Provided data:

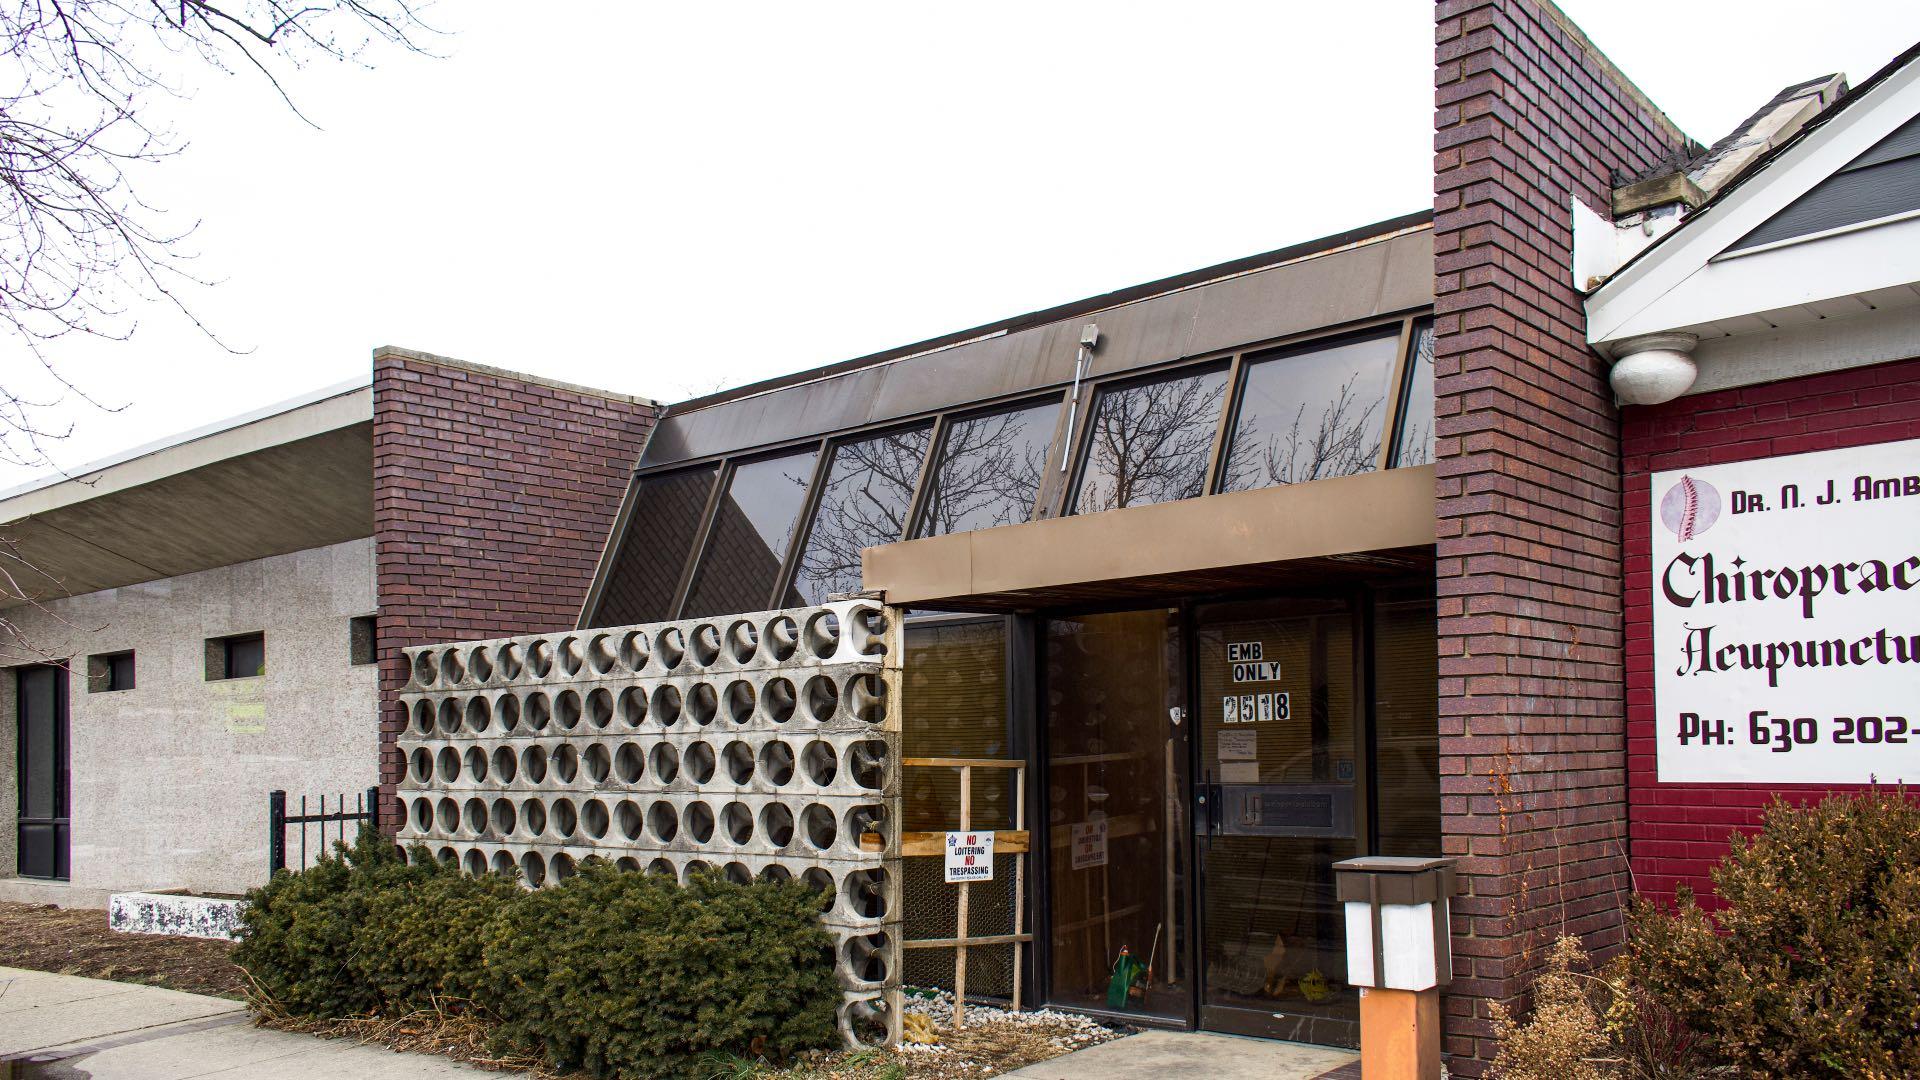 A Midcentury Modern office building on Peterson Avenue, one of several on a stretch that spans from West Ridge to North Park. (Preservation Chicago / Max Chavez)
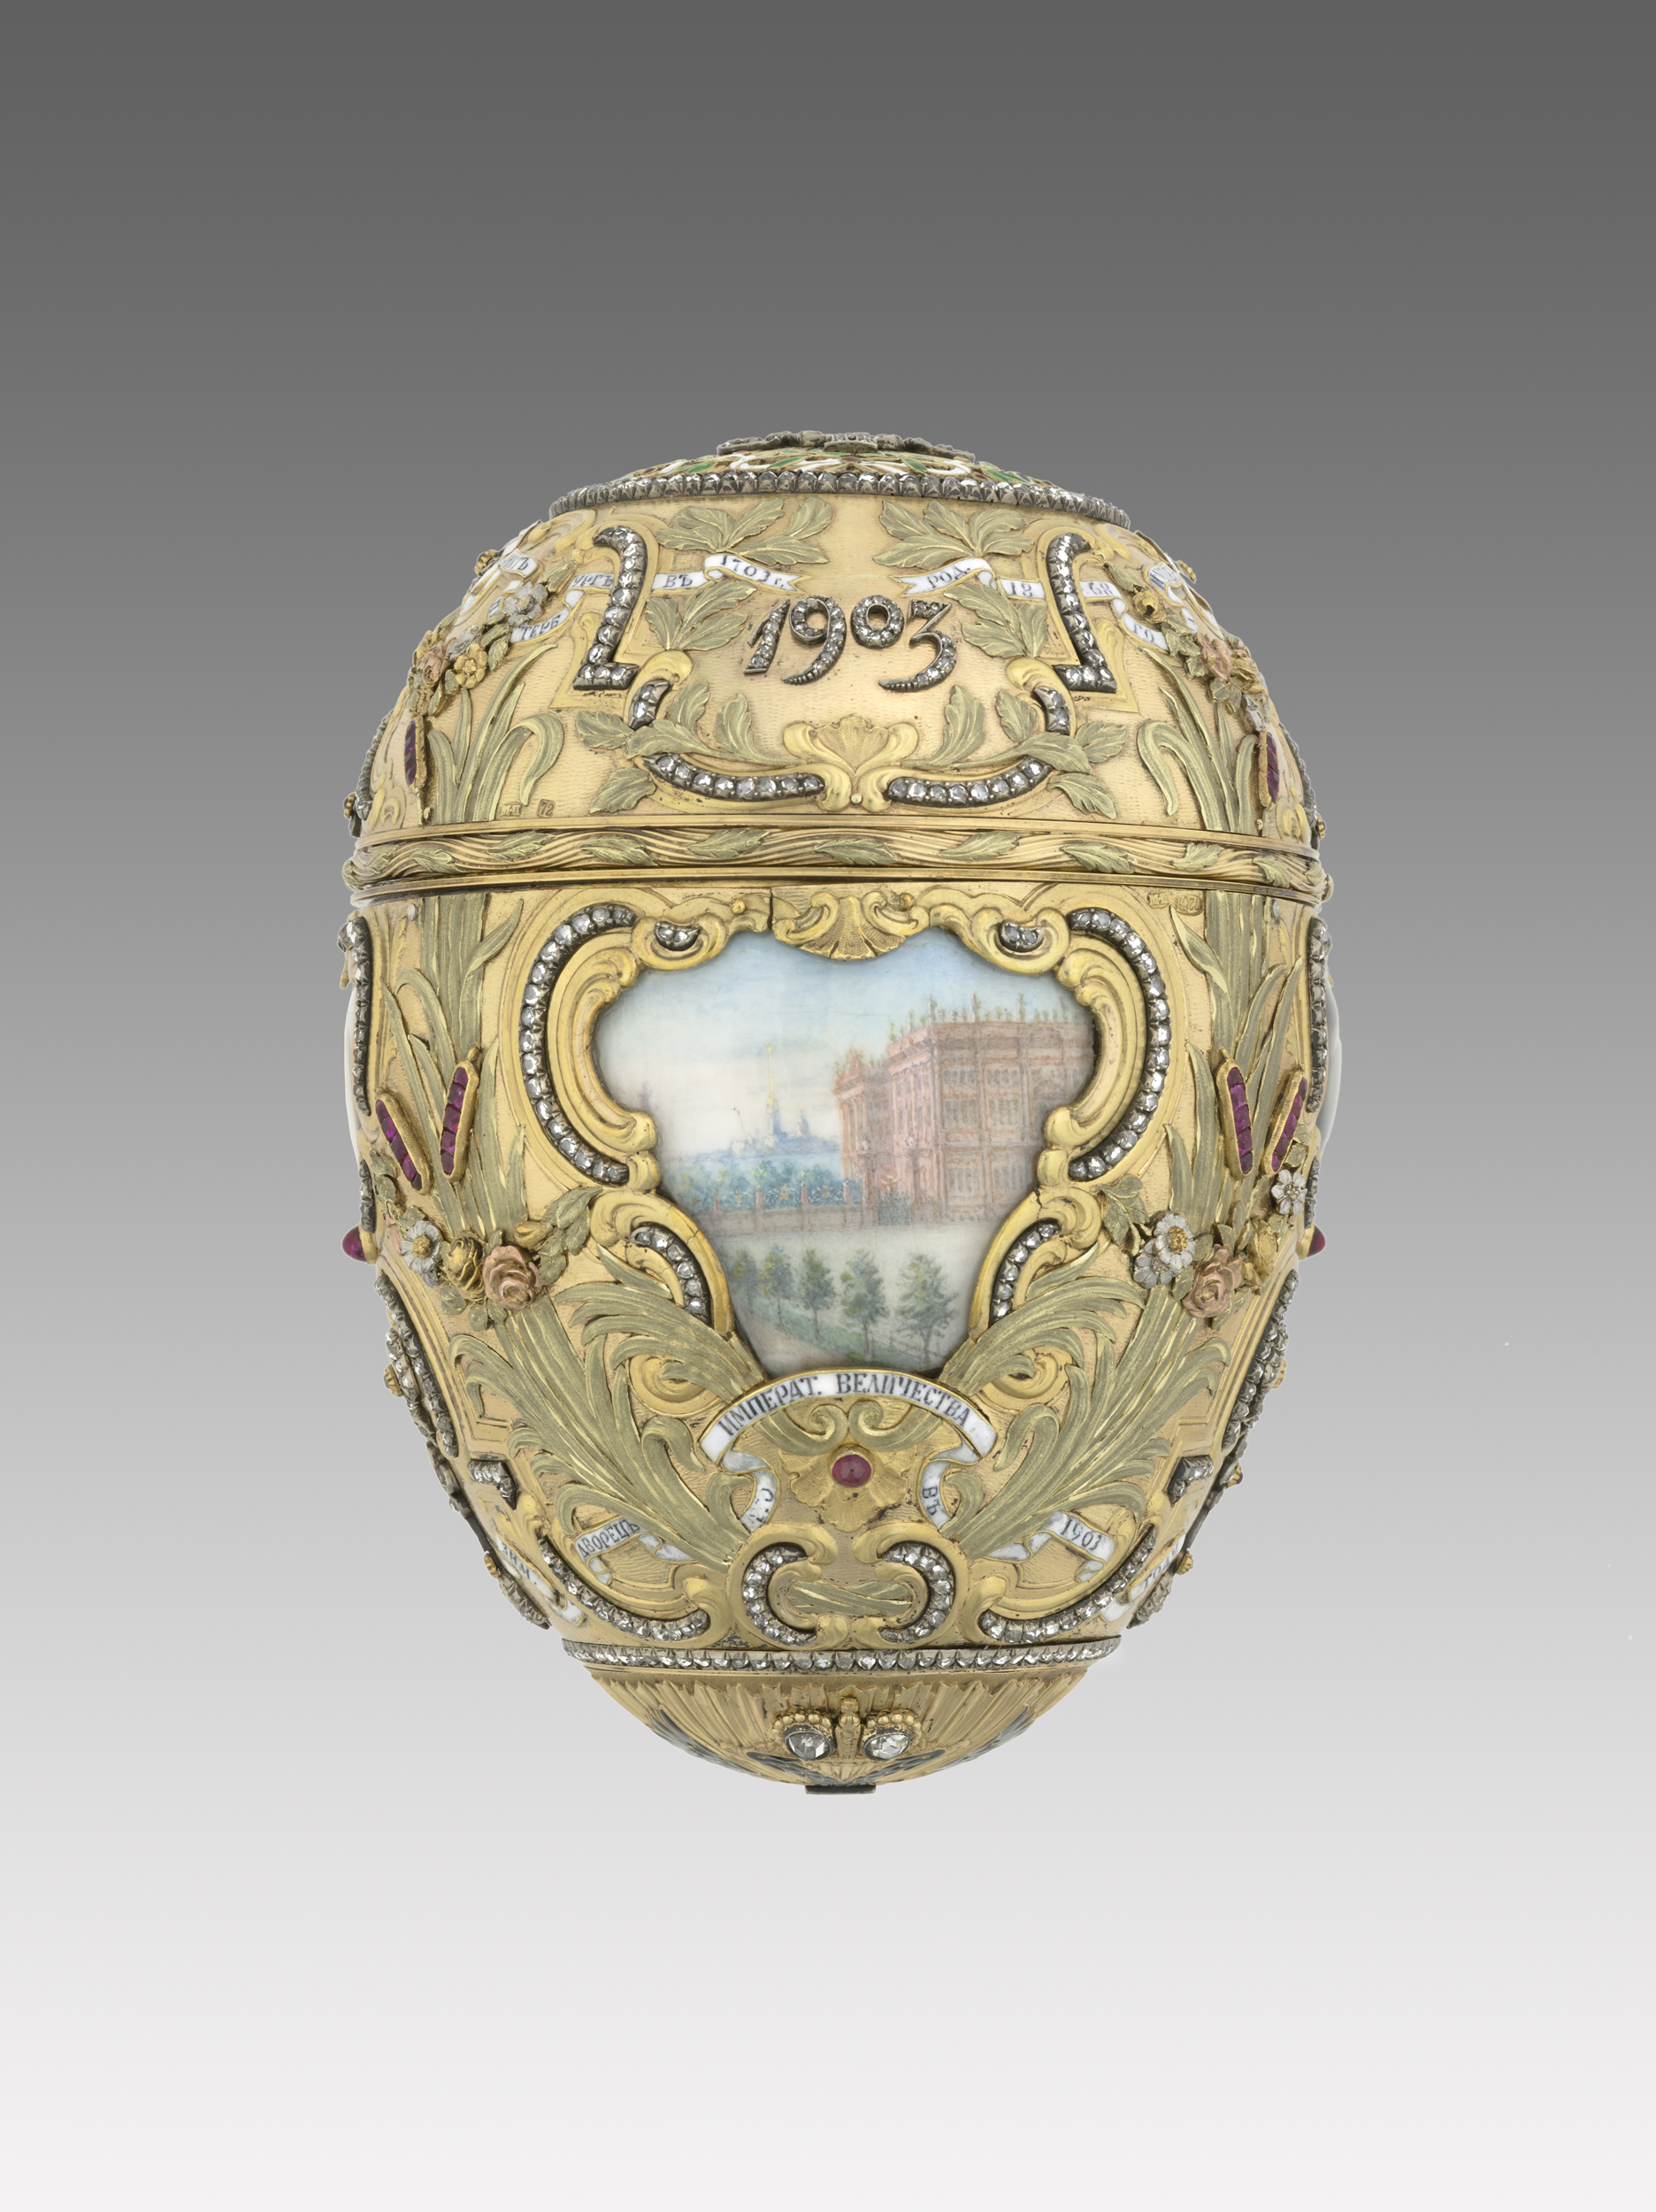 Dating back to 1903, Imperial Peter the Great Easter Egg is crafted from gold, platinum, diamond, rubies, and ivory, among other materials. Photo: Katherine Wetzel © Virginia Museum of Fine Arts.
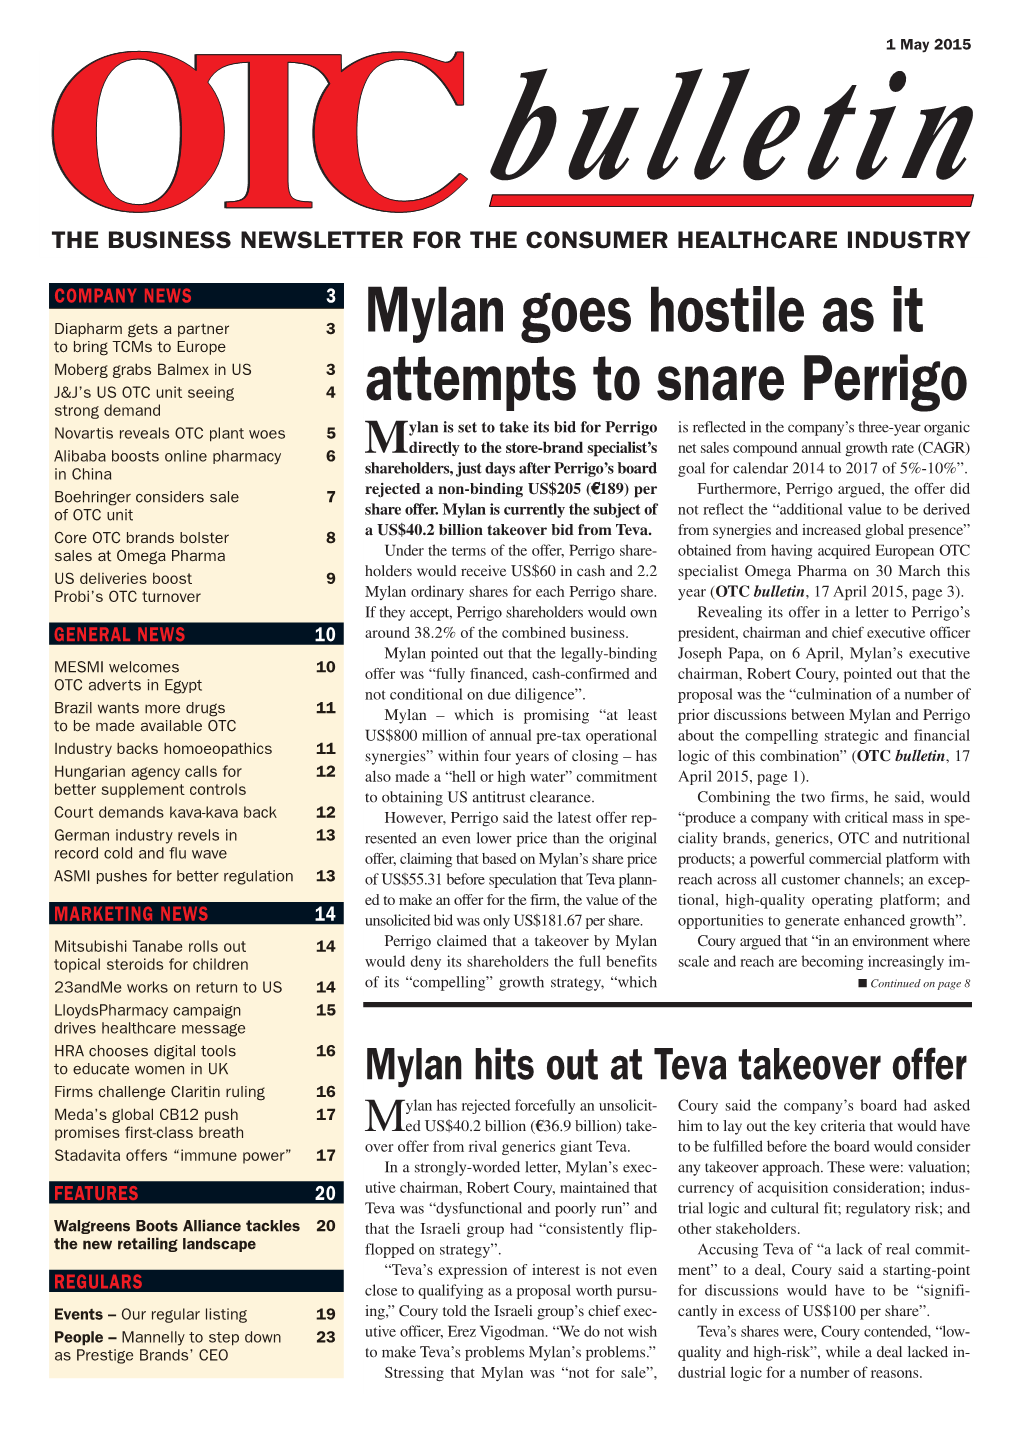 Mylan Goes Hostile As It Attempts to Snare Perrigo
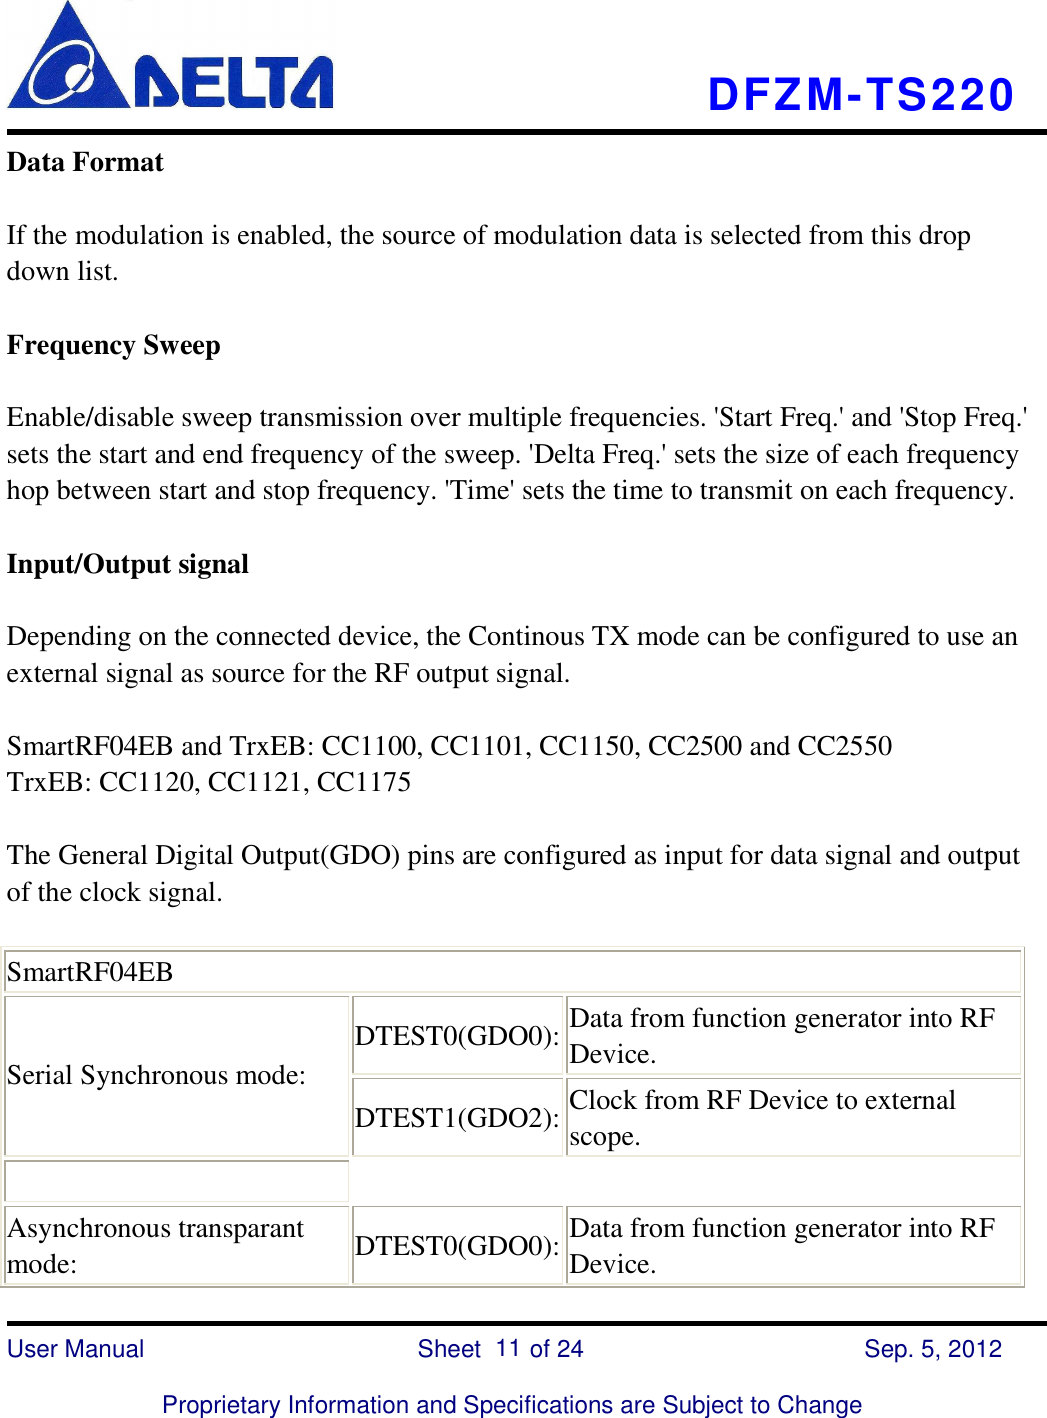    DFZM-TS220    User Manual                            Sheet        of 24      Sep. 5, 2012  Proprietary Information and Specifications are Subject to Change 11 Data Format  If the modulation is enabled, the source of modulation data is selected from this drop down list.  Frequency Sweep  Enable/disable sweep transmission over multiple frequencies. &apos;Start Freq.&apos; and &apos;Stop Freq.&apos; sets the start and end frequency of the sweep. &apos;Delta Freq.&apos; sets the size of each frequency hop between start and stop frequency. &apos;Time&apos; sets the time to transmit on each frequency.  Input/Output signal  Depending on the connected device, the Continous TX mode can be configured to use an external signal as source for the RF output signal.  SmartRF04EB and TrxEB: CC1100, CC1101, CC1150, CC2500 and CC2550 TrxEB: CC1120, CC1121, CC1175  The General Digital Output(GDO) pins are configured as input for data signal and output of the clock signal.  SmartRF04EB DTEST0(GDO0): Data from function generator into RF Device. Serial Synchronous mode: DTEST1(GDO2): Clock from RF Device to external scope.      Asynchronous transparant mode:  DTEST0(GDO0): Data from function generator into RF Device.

Assignment: The reply must hold every line above exactly as written and none of the pictures.

Answer for the task:
 A Midcentury Modern office building on Peterson Avenue, one of several on a stretch that spans from West Ridge to North Park. (Preservation Chicago / Max Chavez)
 Dating back to 1903, Imperial Peter the Great Easter Egg is crafted from gold, platinum, diamond, rubies, and ivory, among other materials. Photo: Katherine Wetzel © Virginia Museum of Fine Arts.
 Mylan Goes Hostile As It Attempts to Snare Perrigo
    DFZM-TS220    User Manual                            Sheet        of 24      Sep. 5, 2012  Proprietary Information and Specifications are Subject to Change 11 Data Format  If the modulation is enabled, the source of modulation data is selected from this drop down list.  Frequency Sweep  Enable/disable sweep transmission over multiple frequencies. &apos;Start Freq.&apos; and &apos;Stop Freq.&apos; sets the start and end frequency of the sweep. &apos;Delta Freq.&apos; sets the size of each frequency hop between start and stop frequency. &apos;Time&apos; sets the time to transmit on each frequency.  Input/Output signal  Depending on the connected device, the Continous TX mode can be configured to use an external signal as source for the RF output signal.  SmartRF04EB and TrxEB: CC1100, CC1101, CC1150, CC2500 and CC2550 TrxEB: CC1120, CC1121, CC1175  The General Digital Output(GDO) pins are configured as input for data signal and output of the clock signal.  SmartRF04EB DTEST0(GDO0): Data from function generator into RF Device. Serial Synchronous mode: DTEST1(GDO2): Clock from RF Device to external scope.      Asynchronous transparant mode:  DTEST0(GDO0): Data from function generator into RF Device.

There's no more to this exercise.